Alarmierung Do 23.Juli 2026 um 21h50.
Ein 18 jähriger Ungar ist vom Almsee über den Sepp-Huber-Steig aufgestiegen und wollte über das Hochplateau des Toten Gebirges zur Welserhütte und von dort wieder ins Tal.
Noch ist unklar wann er genau startete, jedoch hat er die Weglänge unterschätzt und wollte westlich vom Schermberg über das Schneetal ins Büchsenkar abkürzen. Ob von einer App oder Plattform fehlgeleitet, ist ebenso noch unklar. Doch ist in diesem Bereich kein Weg höchstens ein selten begangener Steig mit einer Schlüsselstelle über Felswände bzw. durch eine Schlucht mit Dolinen.

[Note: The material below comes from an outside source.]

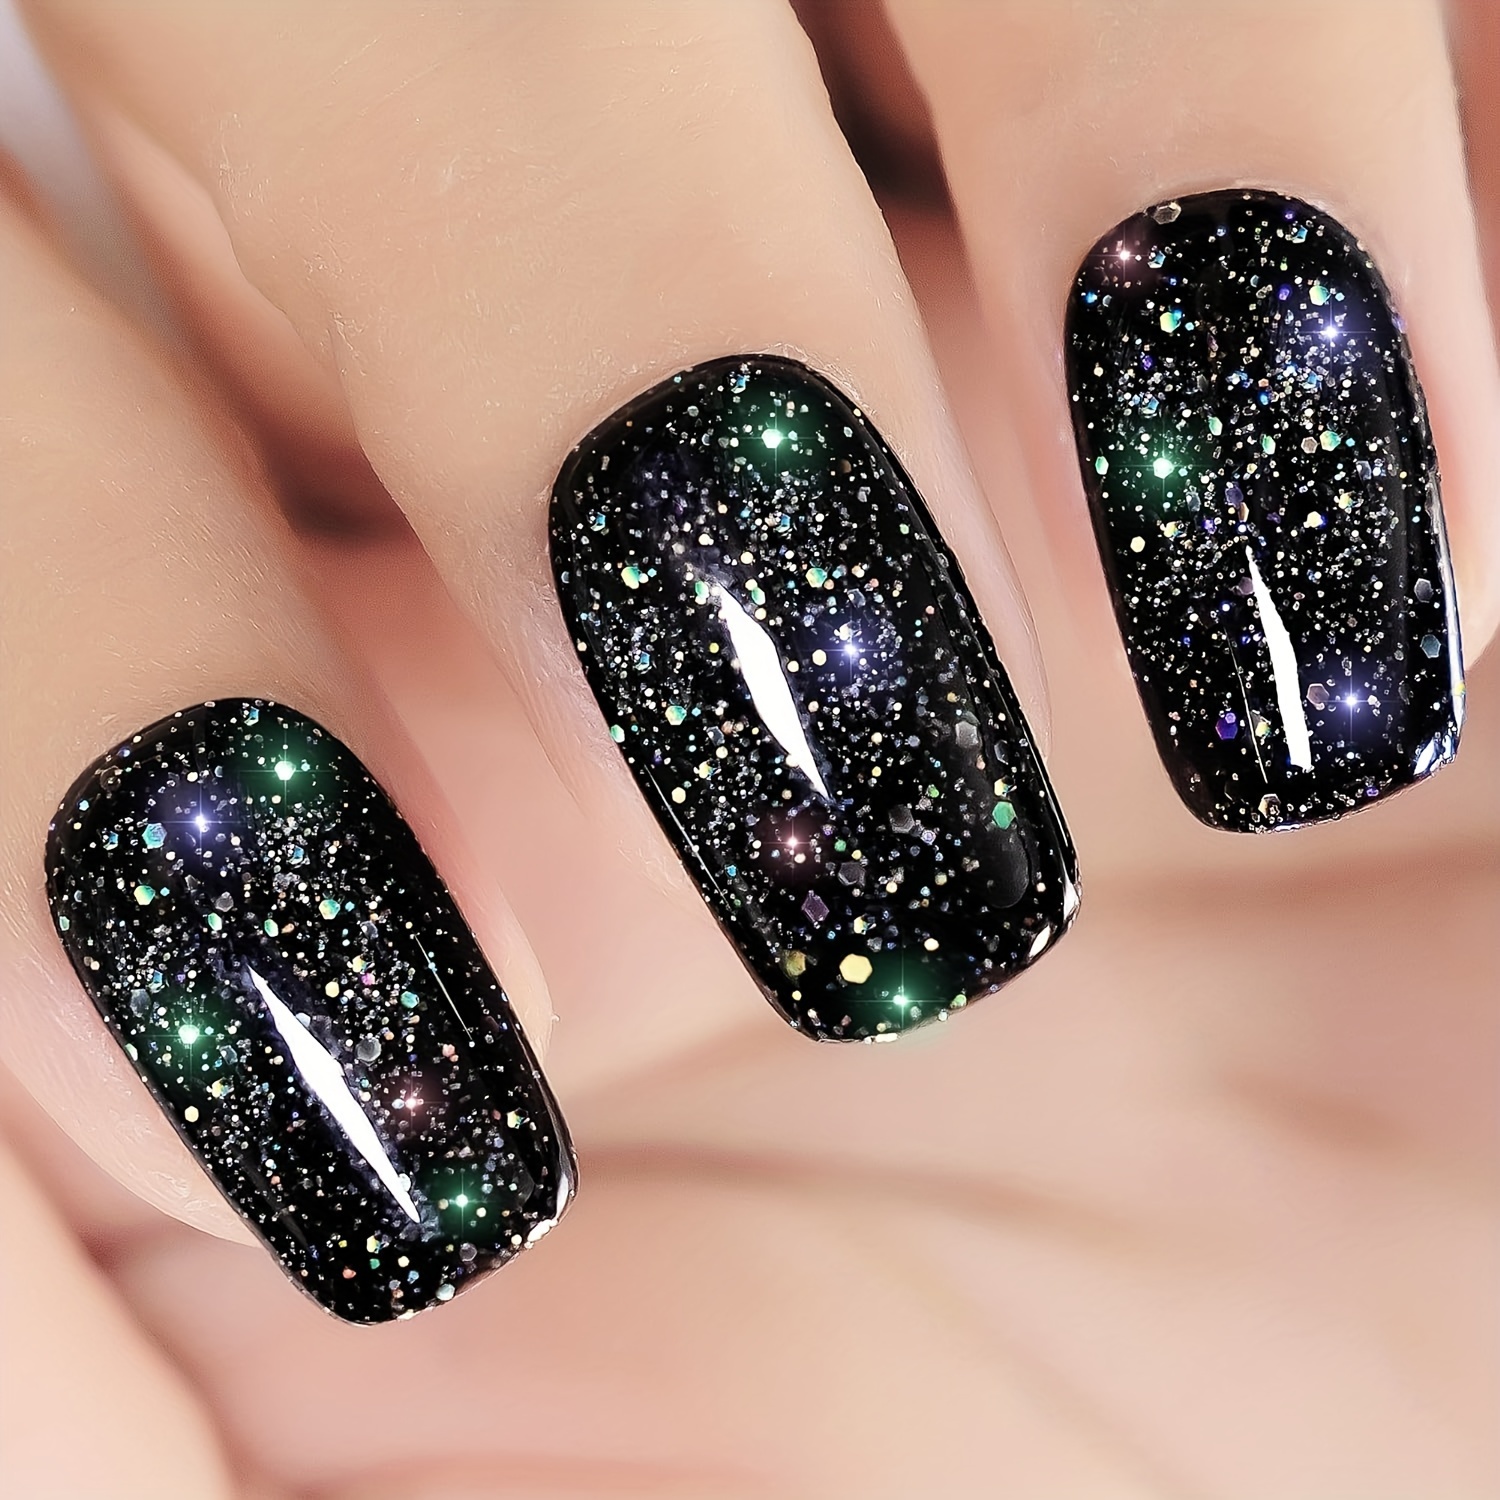 

24pcs/set Black Glitter Short Press On Nails, Shimmer Fake Nails Square Galaxy Glue On Nails False Nails Stick On Nails In 12 Sizes, Jelly Glue And Nail File Included

Oberhalb dieser bzw. fast im Bereich des Notbiwaks der langen Schlossgespenst Klettertour durch die Schermberg Nordwand in einer Höhe von 1760 m fand er den Abstieg nicht und wählte den Notruf 140. Die Telefonverbindung war schlecht. Automatische Koordinatenübermittlung AML hatte nicht funktioniert. Er konnte jedoch in englisch, schwierige Sprachverständigung, die Koordinaten durchgeben. Er sei aber unverletzt.
Die Bergrettung Grünau begann sofort mit dem Aufstieg da die Gipfeln in Wolken waren, nach Rücksprache mit dem Hüttenwirt der Welserhütte, die Welserhütte liegt in etwa 2 km Luftlinie entfernt, herrschen auf 1800 Hm Wind um 40 kmh Wind und nur 5 °C – Stand 22:30.
Nachdem der Verirrte telefonisch nicht mehr errreichbar war wurde der FLIR Polizeihubschrauber aus Salzburg zur Verifizierung des Standorts angefordert.
Kurz vor 23h30 konnte die Person mit der Wärmebildkamera passend zu den angegebenen Koordinaten lokalisiert werden. Zuvor hatte man bereits den Notarzthubschrauber C14 über mögliche Bergung informiert, C14 flog jedoch zwischenzeitlich einen anderen Nachteinsatz. Um 01h19 kann auch der Stoßtrupp der Bergrettung den Verirrten auffinden. Dieser ist nur mit einer kurzen Hose und einem kurzen Shirt bekleidet und ordentlich unterkühlt. Beginn mit Wärmemanagement sowie Verpflegung.
Anforderung Notartzhubschrauber NAH C14 aus Niederöblarn. Der Pilot weist darauf hin dass bei zu viel Wind keine Taubergung möglich sein wird. Die Bergrettung erkundet einen Platz wo mitunter aufsetzen mit einer Kuve und direktes Einsteigen möglich ist. Um 02h00 erreicht C14 das Einsatzgebiet muß aber nach einigen Versuchen aufgrund zu starkem Wind abbrechen.
Mittlerweile ist allen kalt, man beginnt um 02h26 mit dem Abstieg. Auch für die Bergrettung im felsigen Gelände mit Latschen eine Wegsuche. Die zu bergende Person am gesicherten Seil. Nach einer Pause um 03:56 auf 1550 m weiterer Abstieg. Man hofft um 6 Uhr das Tal zu erreichen.